* ASSIGNMENT:
All that is wanted is an exact copy of the lines below, starting at the one that contains "Neu verkabelt, muss" and running to the end.

* SUPPLIED MATERIAL:
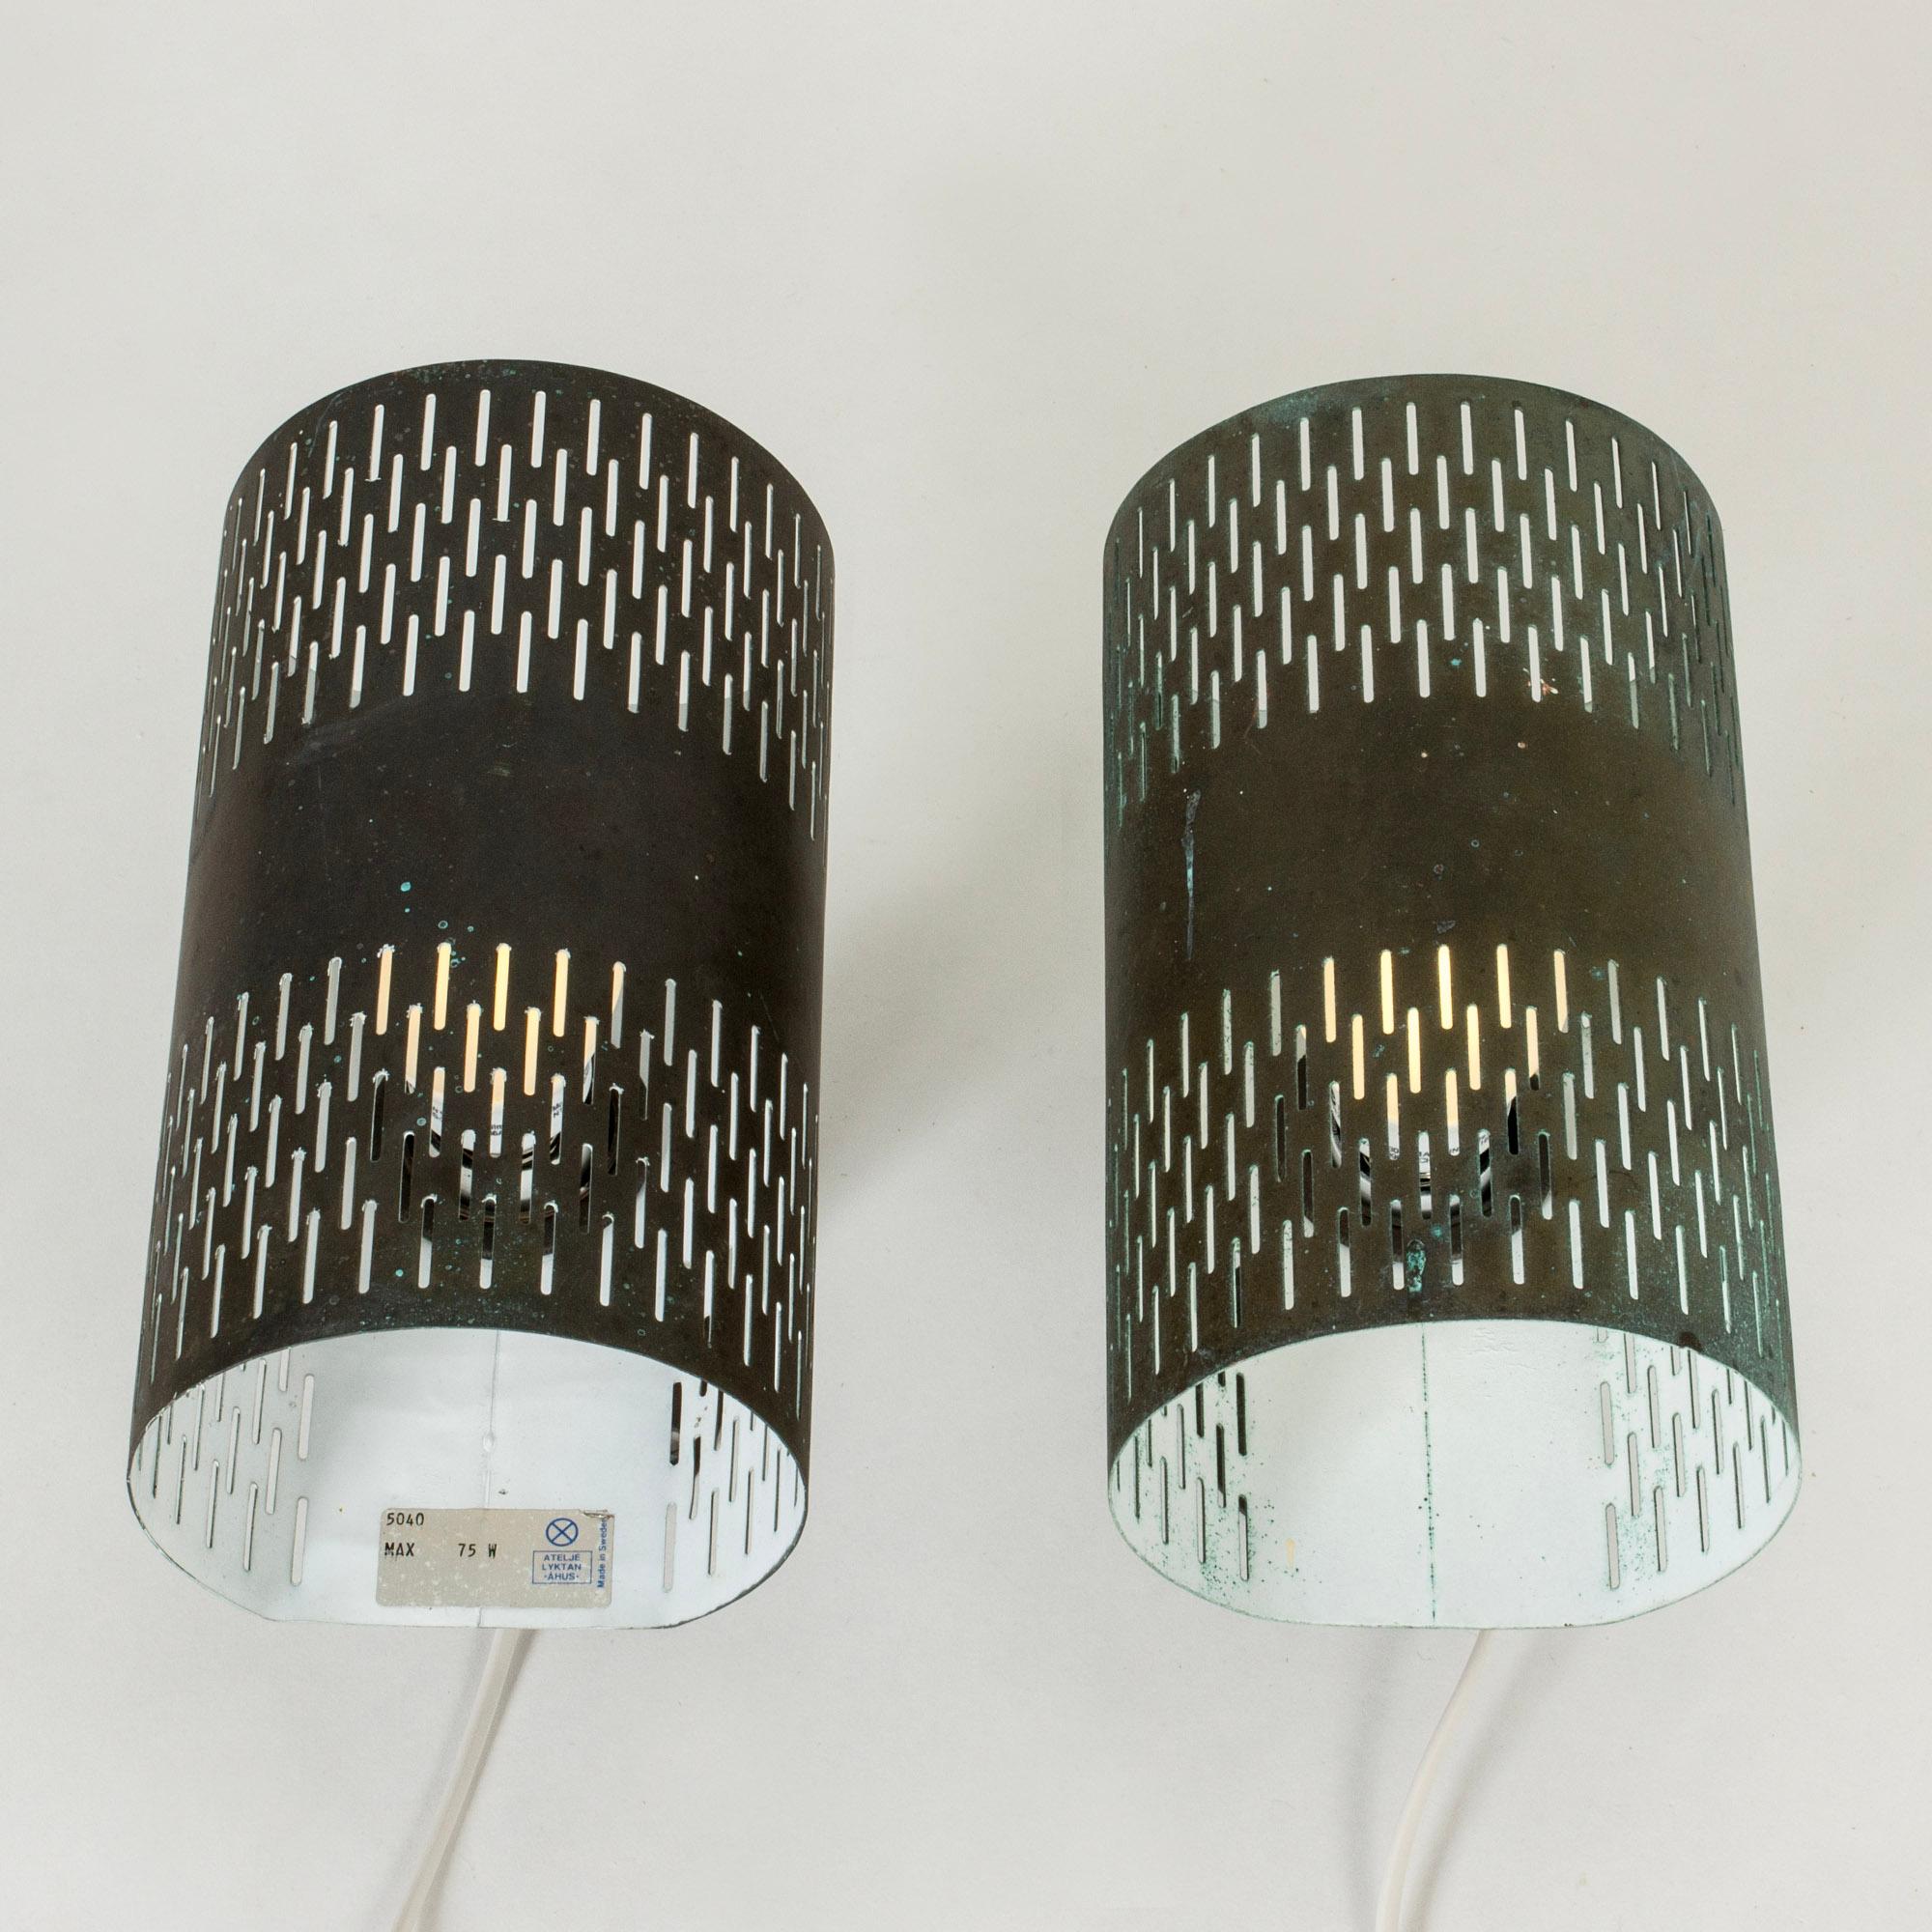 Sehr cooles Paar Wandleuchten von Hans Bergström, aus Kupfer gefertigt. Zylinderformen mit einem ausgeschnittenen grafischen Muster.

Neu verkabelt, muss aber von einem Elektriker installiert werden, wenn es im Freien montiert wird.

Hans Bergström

* RESULT FOR THIS EXERCISE:
Neu verkabelt, muss aber von einem Elektriker installiert werden, wenn es im Freien montiert wird.

Hans Bergström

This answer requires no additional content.